The swat team: Charlotte business leaders were confident they could deliver a downtown arena. What the Hornets got was a ticket to ride.

AuthorSpeizer, Irwin
PositionFeature - Brief Article

Raw prime beef glistens behind glass in the wood-paneled foyer of McIntosh's, a steakhouse in a gentrifying section of old mills and warehouses almost in the shadow of downtown's office towers. Back in a private dining room, two bankers, a developer and a venture capitalist break bread -- and, they hope, new ground -- with Ray Wooldridge, co-owner of the Hornets, Charlotte's professional basketball team.

Business, they told him on that muggy summer night two years ago, is ready to play ball. The state's two biggest banks, its largest power company and a few developers and manufacturers are prepared to buy luxury suites, club seats, naming rights and more in a new downtown arena where the Hornets would play. What will it take to get Wooldridge and partner George Shinn, the man who brought pro basketball to Charlotte in the late 1980s, to sign a lease with the city?

Wooldridge believes he made that clear at a City Council meeting that spring: They need a publicly financed arena. Any contribution from them or their team would be minimal. "That's not going to work," replies Nelson Schwab, managing partner of Carousel Capital, an investment firm. "If that's the approach you're taking, it's going to lead to trouble."
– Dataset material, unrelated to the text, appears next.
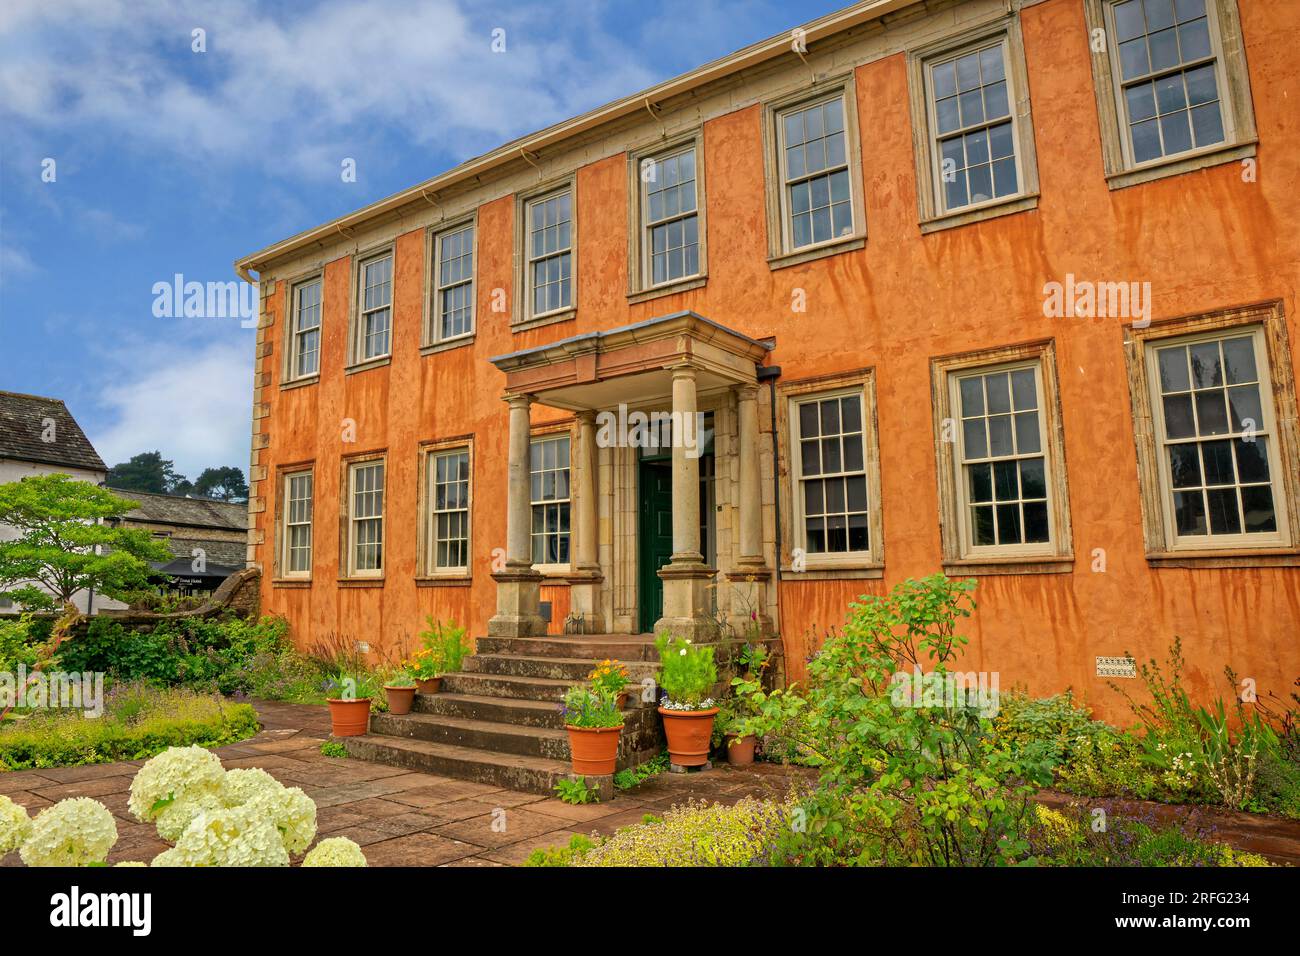 Wordsworth House, birthplace of poet William Wordsworth at Cockermouth in Cumbria, England. Stock Photo

But Woolridge, whose team is losing $1 million a month, wants even more. He wants Charlotte, in effect, to guarantee that the Hornets will be profitable. That's what other cities are offering, he says. At a later, less cordial meeting, he's more explicit: "Look, for this to work for us, you all need to approach this as a new franchise."

That night at McIntosh's, Schwab tells him: "We don't think the will is here to do that." A blunter way to put it: People are fed up with Wooldridge and Shinn and their demands. Both are outsiders, self-made men who've never fit in the clique of executives who run the businesses that historically have run the city. But the corporate chieftains are desperate to give them what they want. Losing a National Basketball Association franchise would be a blow to their image of Charlotte as a world-class city.

Problem is, with public animosity toward Shinn and Wooldridge growing by the day, business is not sure it can deliver. Taxpayers will have to pick up the bill for the new arena, so the issue will have to be decided in the political arena, not in a backroom at a tony restaurant. The only way to save professional basketball in Charlotte, many believe, is to bring in new owners.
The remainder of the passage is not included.